(Cross posted to realtimecollisiondetection.net)

If you must support immediate mode rendering in your pipeline, here are some tips for maximizing performance.

Make your primitives as high level as possible

1. Prefer baked shapes to procedural primitives.
2. Prefer procedurals to strips or point batches
3. Prefer strips or point batches to quads, quads to tris.

For example, HUDs are often drawn with immediate or immediate-like rendering. If you can, bake the HUD so you can submit it as a single primitive. If the HUD has a highly variable part, try baking all of it except for the variable part, and have that have a fixed data size so you can just blit in what you need.

If you must support submission of arbitrary lists of primitives, collate the primitives into baked buffers; don't submit individual primitives to the driver except as an extreme last resort (even in OpenGL).

Treat text blocks and particle systems as single primitives. Maintain a single buffer or set of buffers, and recycle it. There will be an optimal size for this buffer that is a tradeoff between your application's requirements and hardware/driver performance. Profile often.

If you have a shape that you will re-use for several frames, bake it.

If you frequently use some shape like a disc, parameterize it, and blit it into your render stream as a high level disc primitive.

Use the notion of materials, never the fixed function pipeline (don't use a model of the FFP either!)

• The driver will maintain an internal state machine tracking your operations versus its internal state which represents a virtual model of the fixed function pipeline. In general all this state tracking is expensive.
• You need to minimize the state changes that are costly - and you will need to measure the hardware to find out what is actually slow. Don't trust what you read in a book or found on the web. It changes frequently.
• Create immediate mode materials that are blocks of expensive state change. Submit these blocks to the pipeline in chunks; don't do it in dribs and drabs.
• Order your renders to minimize invocations of these blocks. For typical immediate modes, you might be able to boil these materials down to a small set such as "unlit, untextured", "unlit, textured", "lit, textured", "shiny lit, textured", "unlit, alpha transparency".
• You also need to know the cost of a texture bind. Depending on whether texture bind or other state change is more expensive you will need to order your draws by texture then sub-order by material, or material then sub-order by texture.

Create an "unbind" material that creates a state change block that undoes the immediate material bind so that you don't mung things up for the rest of your pipeline.

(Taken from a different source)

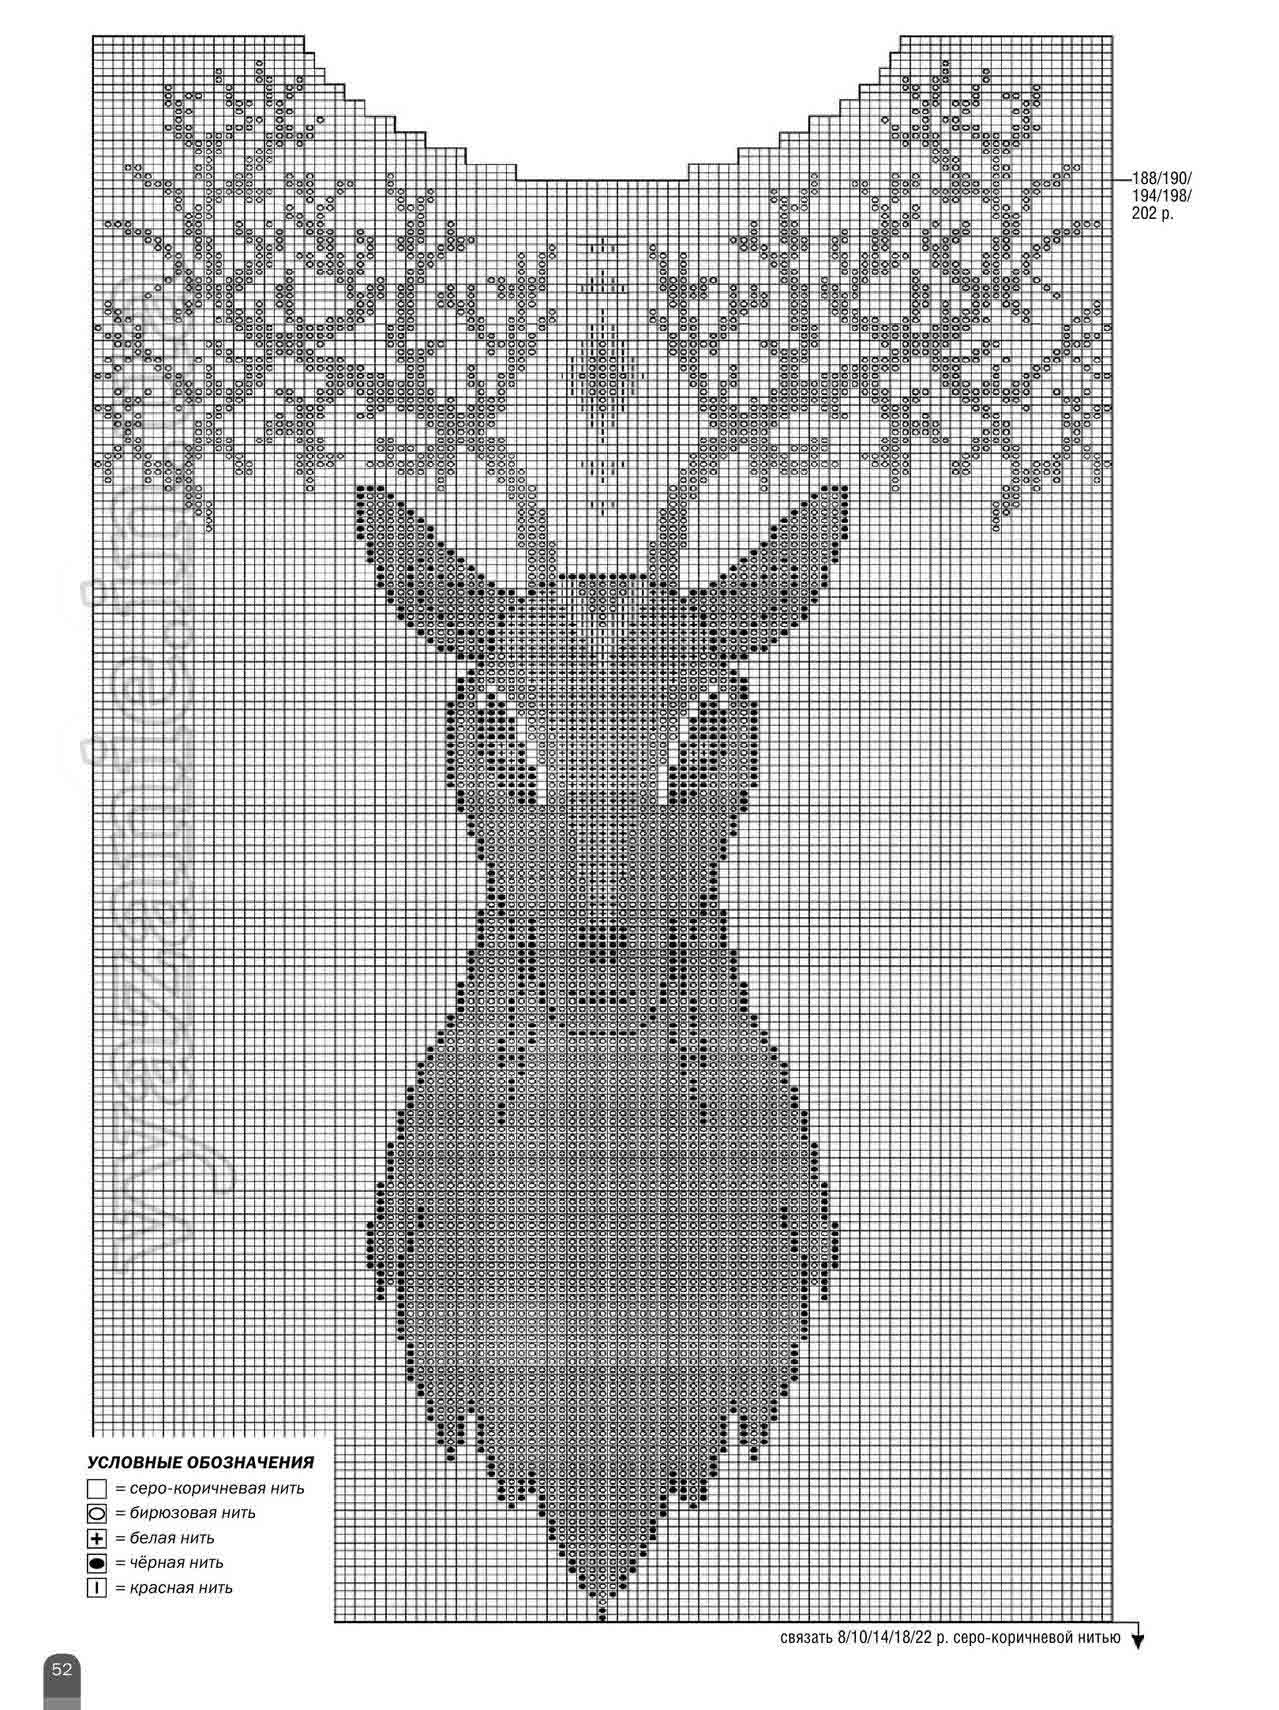 Свитер с оленями схема вязания спицами фото 128
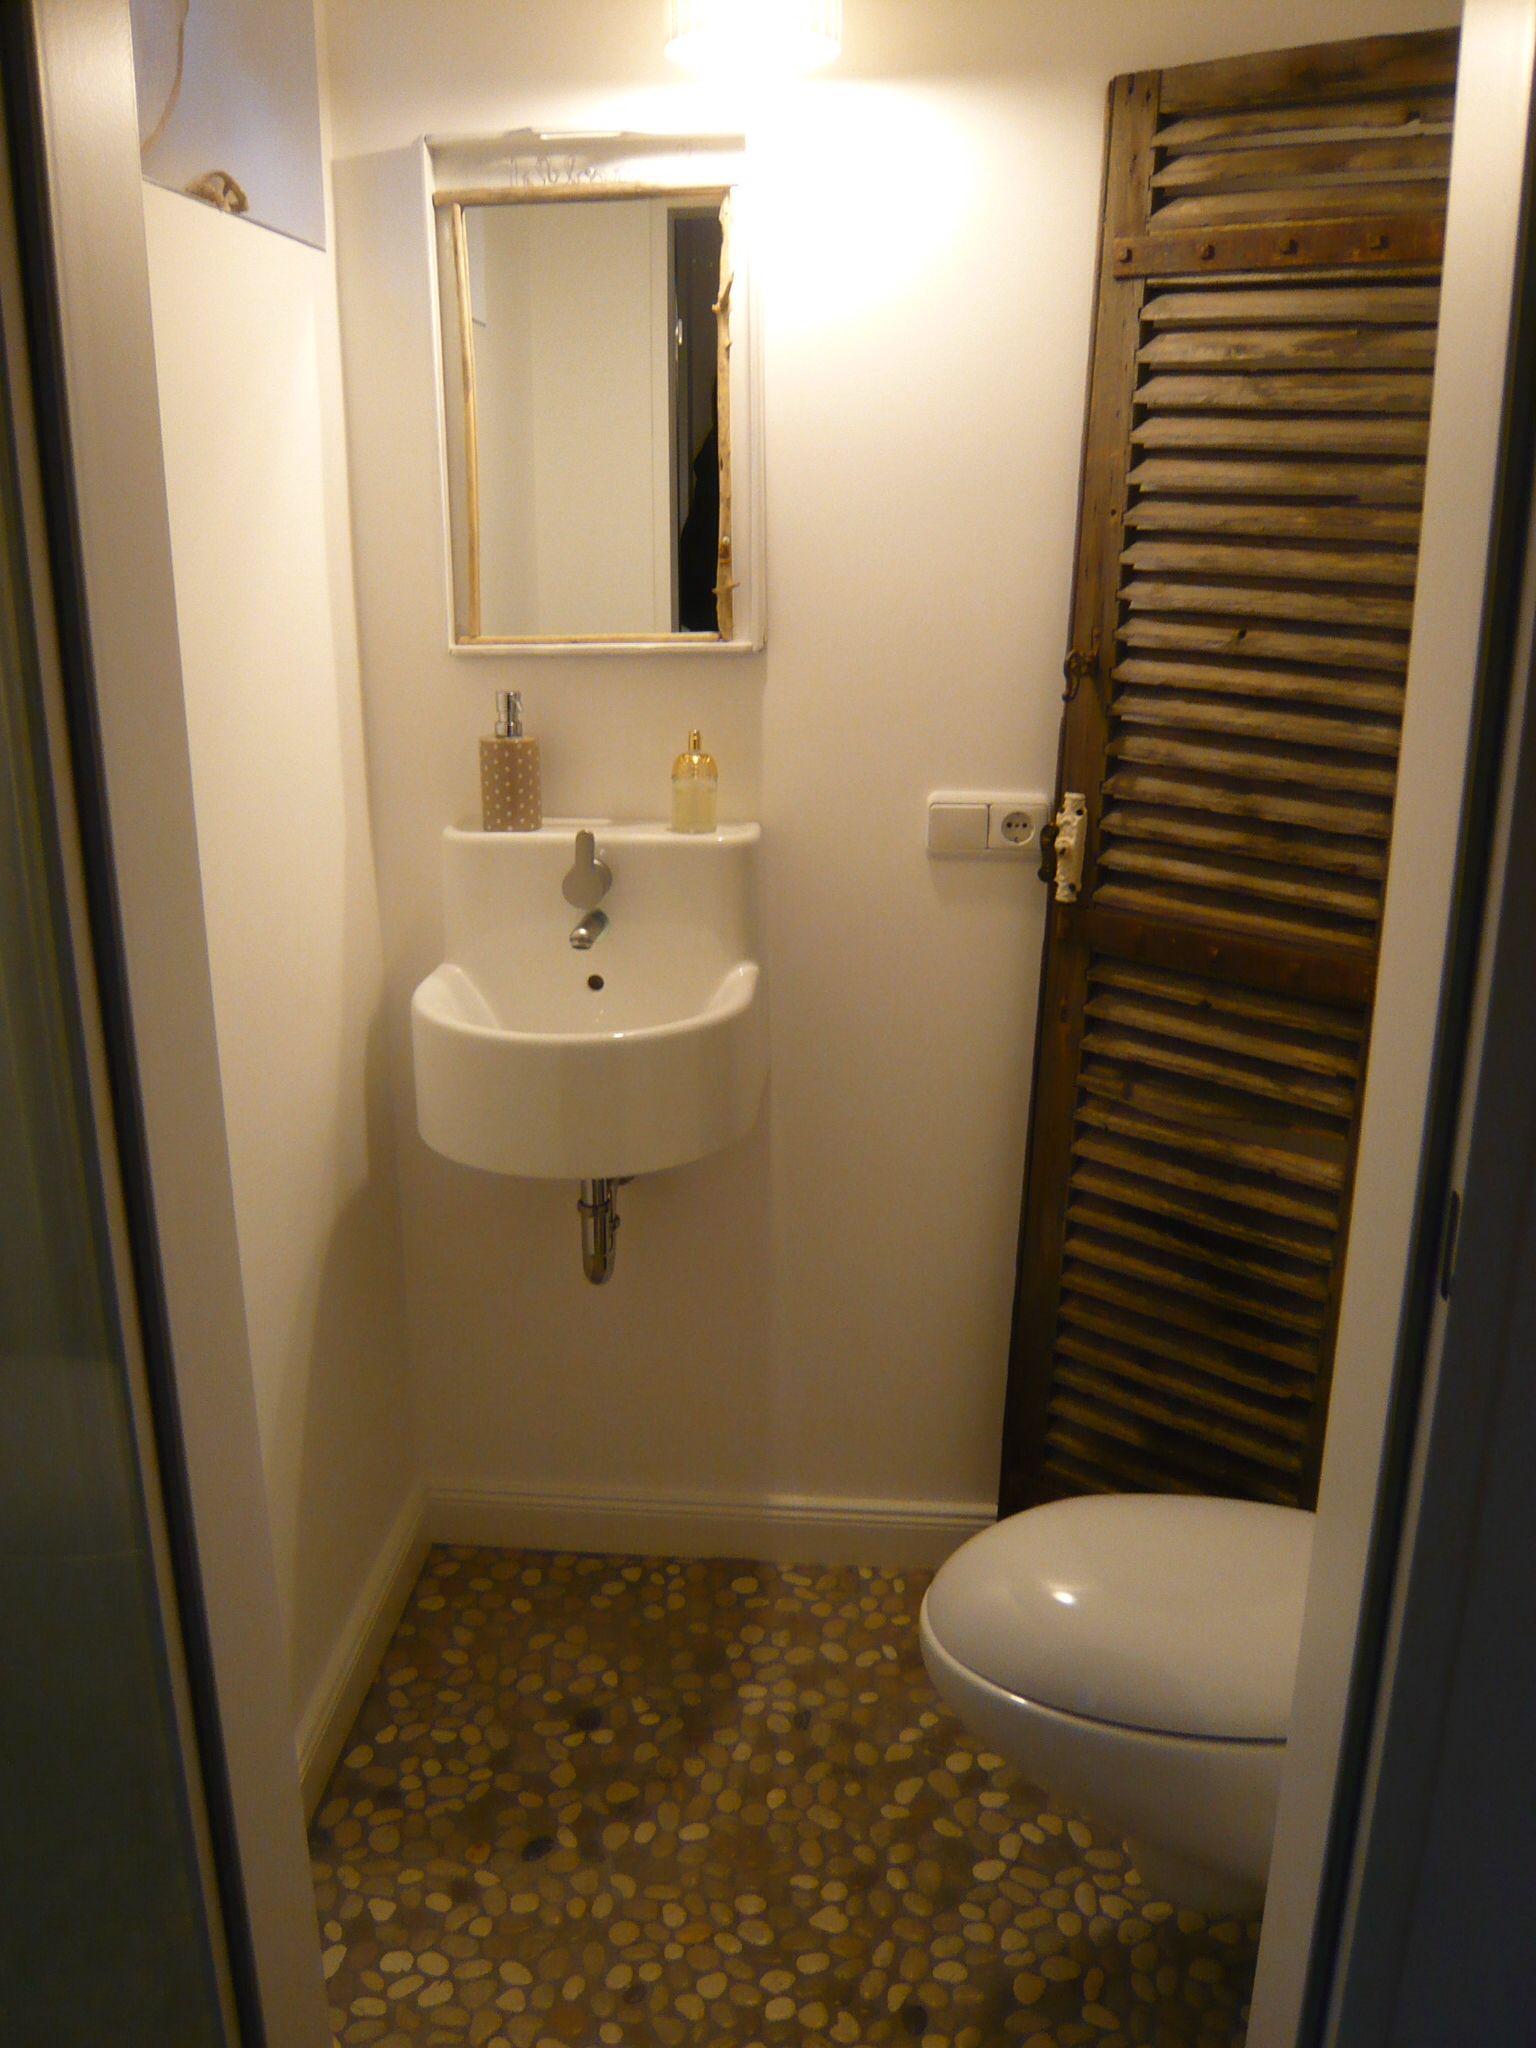 Kiesel Armaturen kiesel ikea waschbecken hidra toilette flusskiesel verputzte

• All the materials should touch all of the same state.
• Only issue the unbind material before you revert to non-immediate rendering.
• Assign each material a number. Order the numbers such that moving from one material to the next in sequence touches the fewest pipeline states. (You'll see why when we get to the keys.) Here, we are relying on the driver internal state tracking to help us minimize the cost of material binding.

Figure out what restrictions you can live with, and pick your restrictions for speed.

• If your application can get away with a text draw, and textured screen facing quads, support only that, and make it screamingly fast.
• So many things you think you need immediate for, such as manipulator axis, you can trivially do another way with baked geometry. If you can bake it, do!
• The immediate pipeline is your last resort.

Divide your rendering into phases. These phases are highly dependent on what you need your render engine to do to support your game. Typical phase breakdown might be

• z-depth pre-pass, non-alpha geo, alpha-geo, post-passes, composite, HUD

Assign a key to each batch of immediate renders. A typical 32 bit key might look like this (where 0 is the MSB):

• highest order bits to indicate render phase
• a few bits to indicate material
• a few bits to indicate a texture page in VRAM
• the rest of the bits for rough z-order. If you want to use early z-depth, make low numbers near the camera. If you need back to front ordering for painters', then use high numbers near the camera

Use sorted submission lists using the key and merge sort during just in time final push to hardware as discussed earlier in the Input Latency thread. If you can keep the submission lists persistent from frame to frame, a radix sort works well for the individual lists before the merge sort. I am assuming that the rest of you render engine is similar broken into phases in order that the immediate lists can be interleaved with other incoming draws from other threads.

Note that not all immediate rendering needs to be accumulated in submissions. The non-alpha geo phase in particular can be submitted interleaved with regular rendering for minimal latency. Unless you want to insert fences and syncs into your pipeline, all other order dependent phases will need to be accumulated into buffers. Fences and syncs can help you minimize RAM usage because the pipeline can demand that the engine cough up render requests at the right time, but you run the risk of stalling everything.

On some architectures, you can chain in render primitives without copying the data into a GPU queue; in that case you're golden because you can just make DMA thread through all your drawing. The major caveat there is to make sure the data isn't discarded or overwritten until the DMA has chased past its end. With careful structuring, you can save large amounts of memory for things like water surfaces if you can queue up the next frame of simulation for the precise moment the DMA is done with the last frame's vertices.